Something I think looks odd is that in Journal-87, that "intermediate" screen has normal-size 'Erase' and 'Resume' icons on the top bar, but a small 'Back' icon (to exit from the "intermediate" screen back to the Journal) on a SEPARATE bar (below the top bar). Why make the 'Back' icon so small? And why put the 'Back' icon on a separate bar of its own?

[The Journal display of the content of a mounted device needs more work. Only a couple of files (as many as the number of entries in the Journal proper? I have a short Journal.) are shown, not a whole screen full. And hovering over the icons in the mounted-device-screen shows the drop-down lists associated with the icons in the Journal proper -- NOT anything to do with the icons on the mounted-device-screen).]

differentiating "favorites"

I finally figured out a good use for the "star" -- to differentiate Activity 'snapshot' entries where the user wants to return to the same place, from entries where the user does *not* intend to resume.

However, it seems simplistic for only a BINARY indicator to be made easily accessible (i.e., to provide merely a "keep"/"don't keep" distinction). Let me suggest that the "star" be actually an entry field. [If the "star" was empty but is clicked on, and nothing is entered, it receives a default "yes" value. If the "star" had a default "yes" and is clicked on, but nothing is entered, the "yes" is erased. Otherwise, what is entered (or deleted) becomes the "star's" content.]

As described in the HIG:Journal, sorting on today's 'binary star' will show "favorites". Sorting on an expanded 'star value' will allow grouping within those "favorites".

This brings up the question -- WHEN will "good" access to the Journal be implemented ??

The wiki talks about being able to 'sort' the Journal entries. As yet I don't see any such capability in the officially released builds. PLEASE, give the users the __capabilities__ the Journal was designed for.

removable-storage-device 'actuators' visually too close to each other

The current design has icons on the bottom bar of the Journal for ("mounted") removable storage devices. When such a device icon is 'clicked' on, the Journal screen shows entries for the content of that device (in place of the content of the normal Journal). When instead such a device icon is 'hovered' on, a palette pops up, with an entry (in the palette) for 'Unmount'.

There is not a large distance between the 'root' of the palette (i.e., the device icon itself) and the 'Unmount' entry in that palette. Yet the __functions__ invoked by those two locations are completely different.
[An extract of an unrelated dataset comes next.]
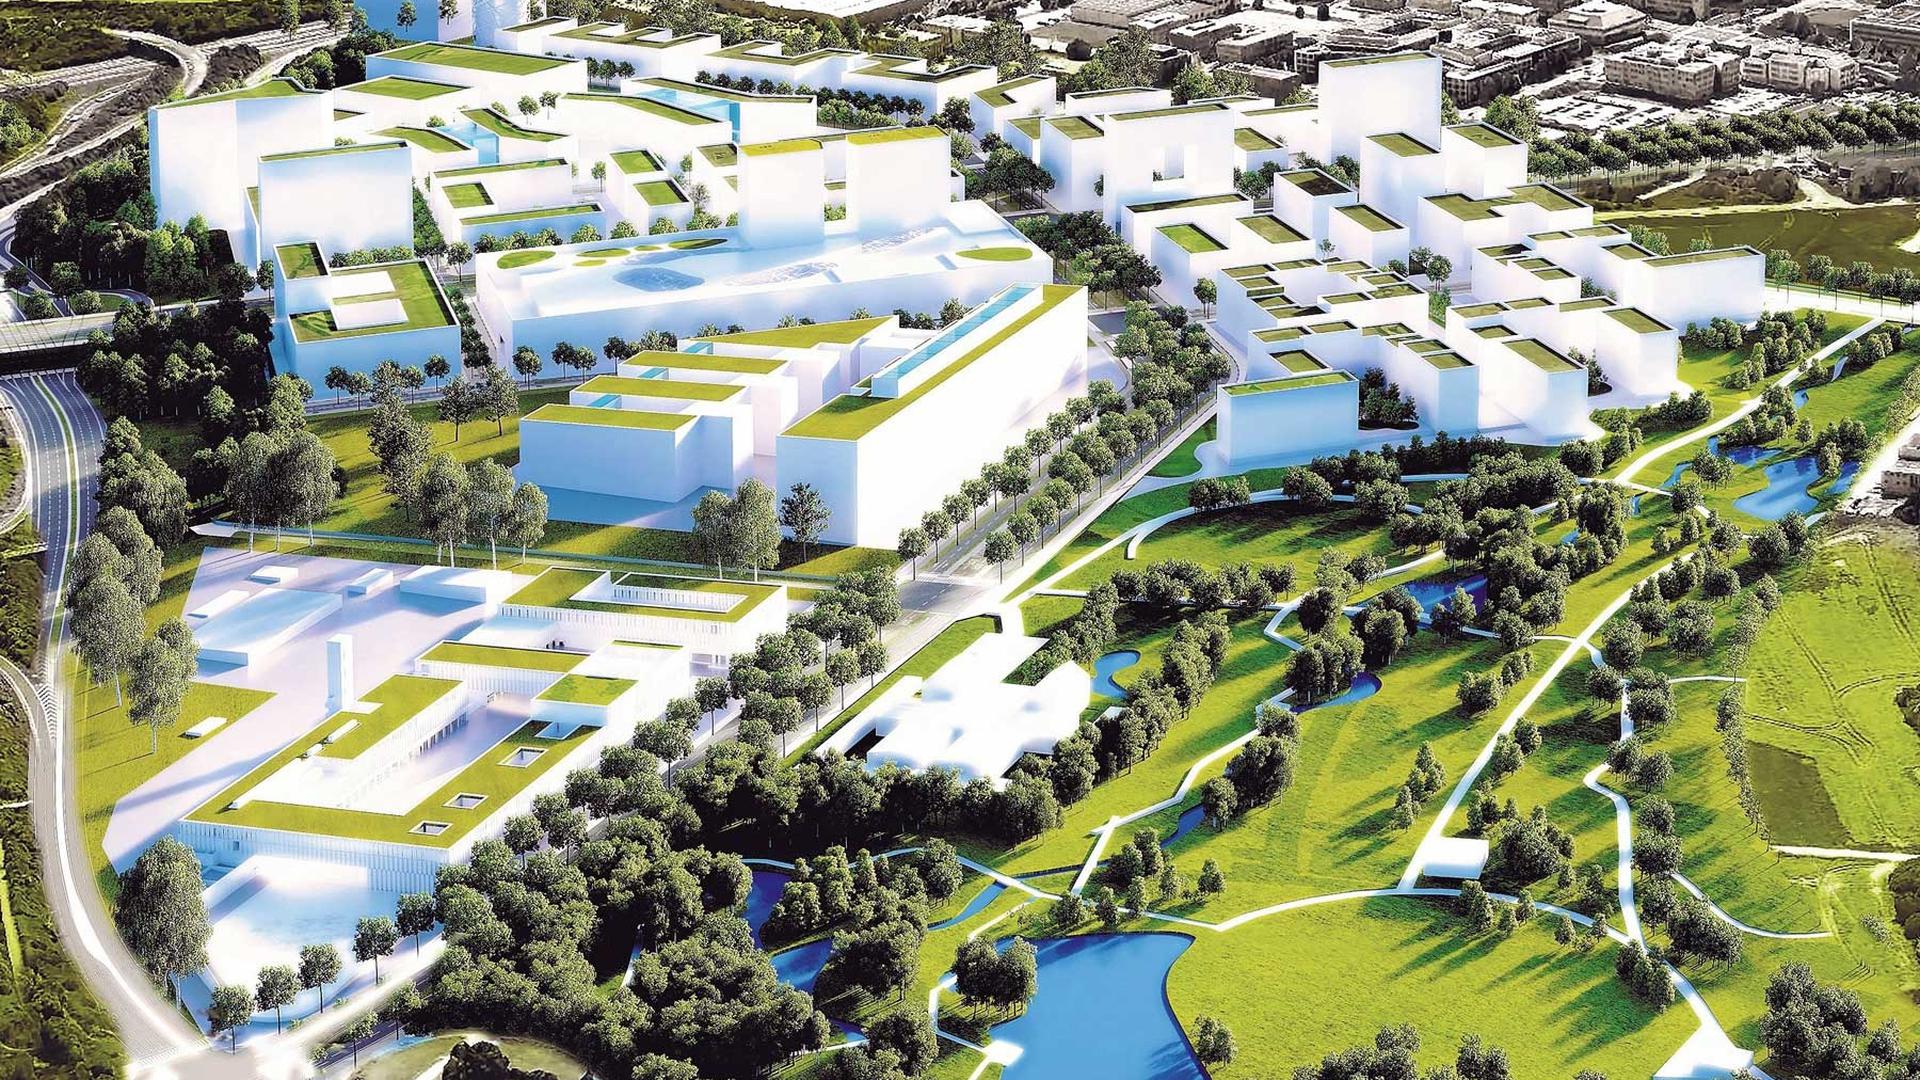 Avec quelque 16 hectares de surface, le futur parc du ban de Gasperich sera le plus grand de la capitale.

I made a mistake, and happened to click on the palette's 'root' location when I intended to click on its 'Unmount' location. The result was that instead of unmounting the device, the Journal "scanned" the device and showed me (on the Journal screen) the files on that device. Unfortunately, that device happened to contain thousands of files, so it took Journal (running at 100% CPU utilization) several minutes to produce that screen -- in the meantime, my OLPC was responding very little to further user input.

I do not have a solution for the user making a mistake in where he clicks -- but this is an area that ought to be looked at with a view of MINIMIZING the consequences when a user mis-positions the cursor within the palette.

[Note: It is being proposed that another mechanism (than the Journal screen) be used for showing the content of a removable storage device. When such a change gets implemented, this comment would apply to that mechanism.]